Shuck knew this island, this Belle isle, had come here on summer
days for his whole life, swam from the beach to the city side and back,
rode horses, canoed and ice-skated in winter. Momma Bessie called summer to order with a picnic on Belle Isle and dismissed it the same way
every Labor Day. These were the things to look forward to until age and
death crept in with a different plan. Momma Bessie couldn't stand in her
kitchen making potato salad for fifteen people anymore, packing picnic
baskets, ice chests, gathering everyone around, cooking ribs on the park
grills. Sometimes they'd be on the island for breakfast, too, then a day of
softball, swimming, walking through the zoo and dinner outdoors. It was
an all-day thing. But the children grew and left, the old people started
dying off, and those who remained sat on porches all over the West Side
wondering what the hell was going on. Shuck felt a slipping away like the
muddy riverbank at his feet.

Sailboats lined up on the river heading in for the night, bows shadowing
as the last orange streak of light sank beneath the horizon. He remembered
that day years ago when he and Wilamena carved their initials in the gray
bark of an old beech tree. He always loved the way she looked in the shade
with sunlight filtering through the trees, her skin browner in summer, dark
golden brown.

When he first saw Wilamena at Lakeview High, he thought she was a vision from some island paradise. She stood out. The other boys circled, asking her where she lived, and could she go to the movies or for a ride on the
streetcar. The white boys stole glances at her, too. He stayed back. Almost
lost her when her head starting turning this way and that. He found out she was a small-town girl who knew how to climb out of a bedroom window.
Wilamena had an edge. She wanted out in a way he didn't understand.

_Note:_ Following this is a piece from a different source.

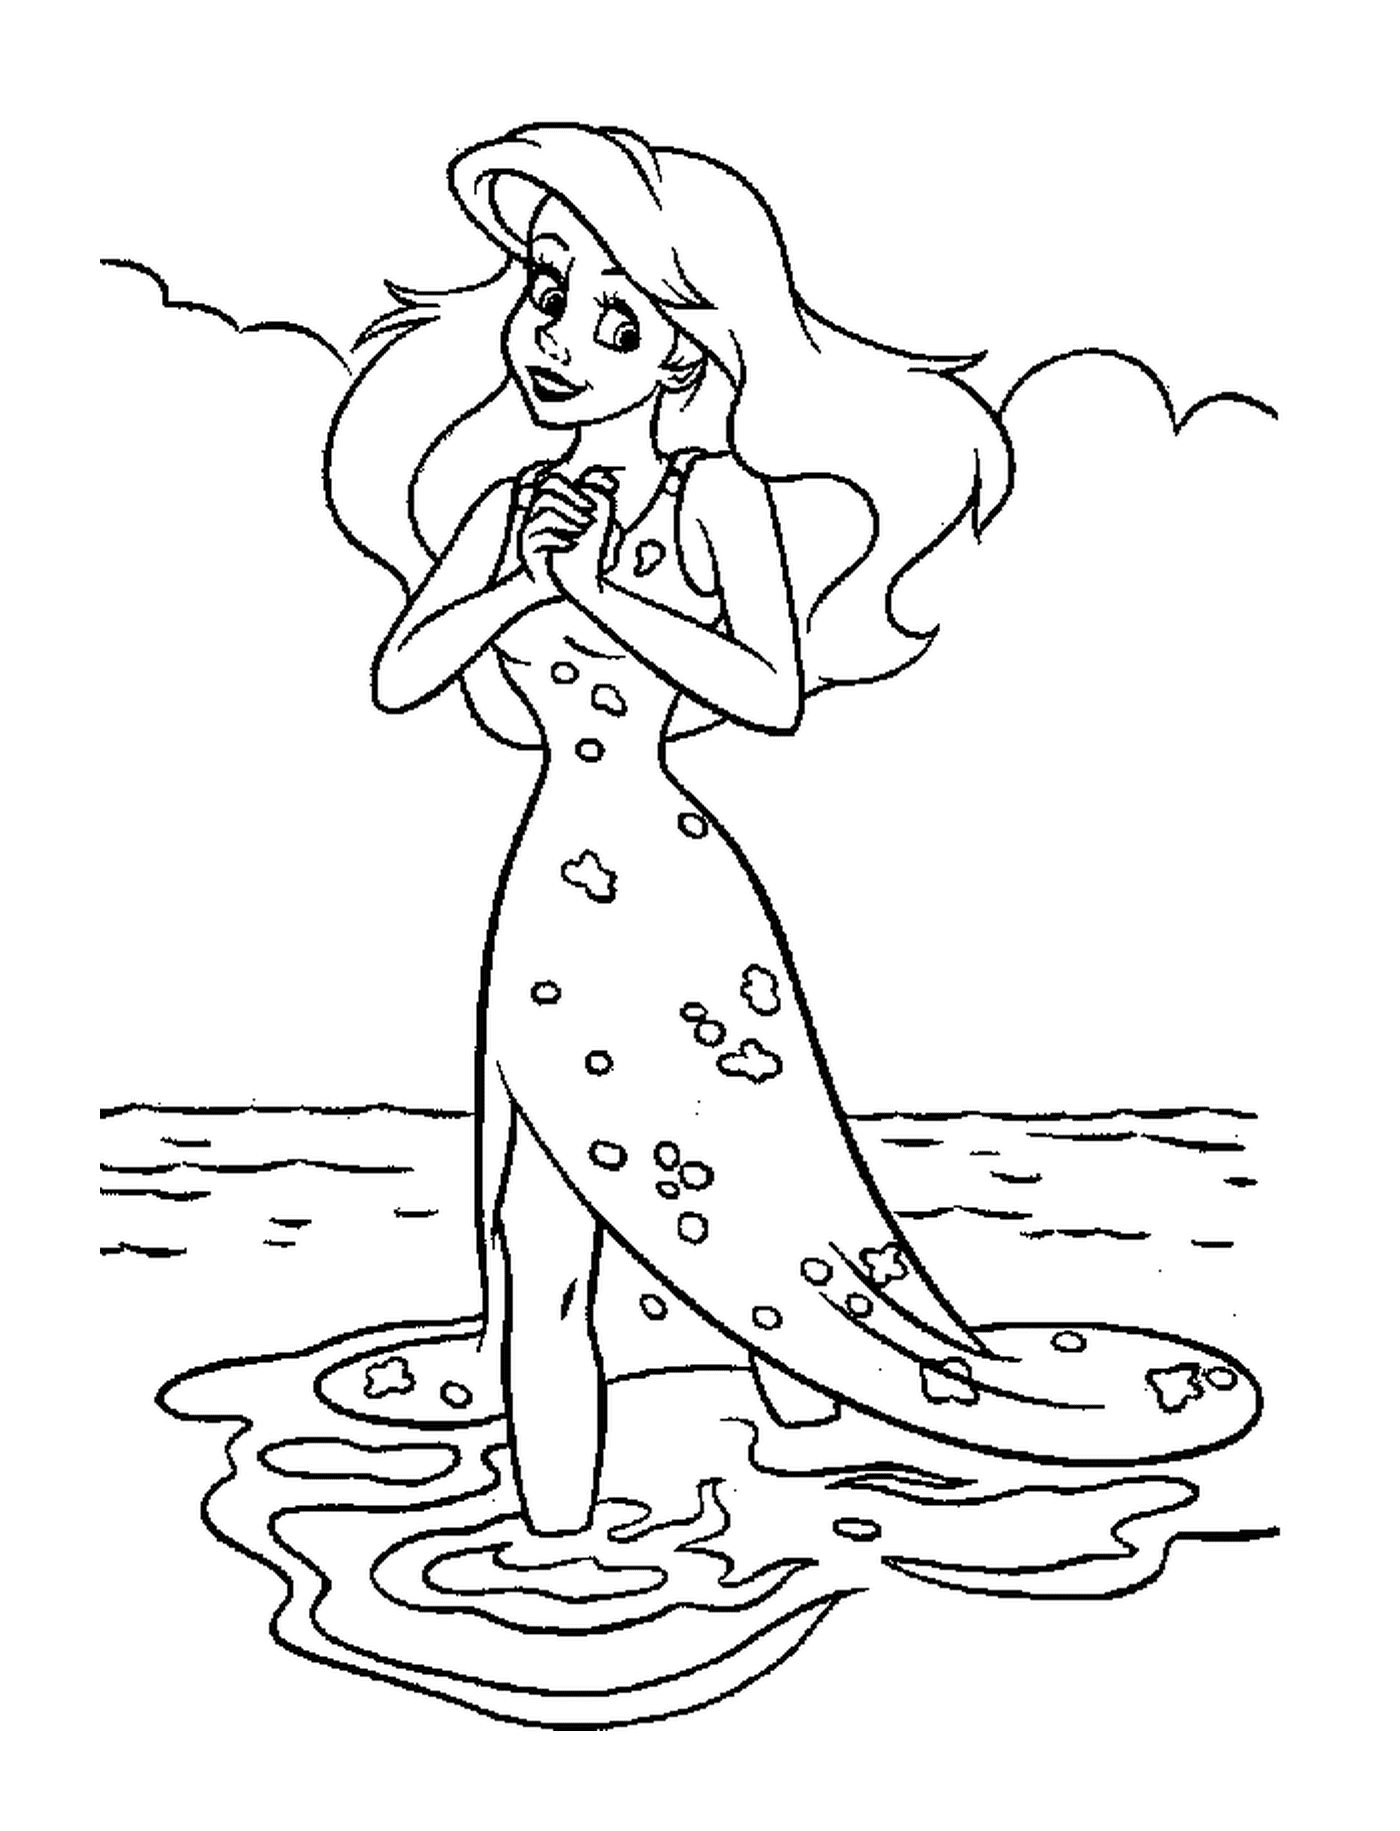   Une femme debout dans l'eau

Shuck walked along the riverbank. No sand beaches on this side of the
island. Too much water moving too fast. A quick look back at his Cadillac
gleaming in the near dark. He hoped those boys wouldn't come this far
around the drive, find it, slash his convertible top. He pushed forward, the
water sploshing up on the grass and rocks making a small slapping sound.
Cars on the drive lolling by, radios loud, voices kicking through the evening
air. Then quiet. The light dimming to true darkness. He stood in a small
grove of mature trees yards back from the river's edge, went from tree to
tree tracing his hands on the thin bark, searching for the initials he hoped
would still be there, fingers gliding towards the past. He saw himself, a welldressed man digging around for the past like a teenager who still loves the
girl he took to the prom. He laughed then ignited his cigarette lighter and
went from tree to tree until he found the beech with their initials carved,
bigger now, stretched in effigy. They'd dug deep with his pocket-knife. He
stood there tracing the initials and finally snapped his silver-plated lighter
closed. In the dark, he walked on the grassy earth away from the water
toward his car, his creamy yellow shirt a soft light in the night.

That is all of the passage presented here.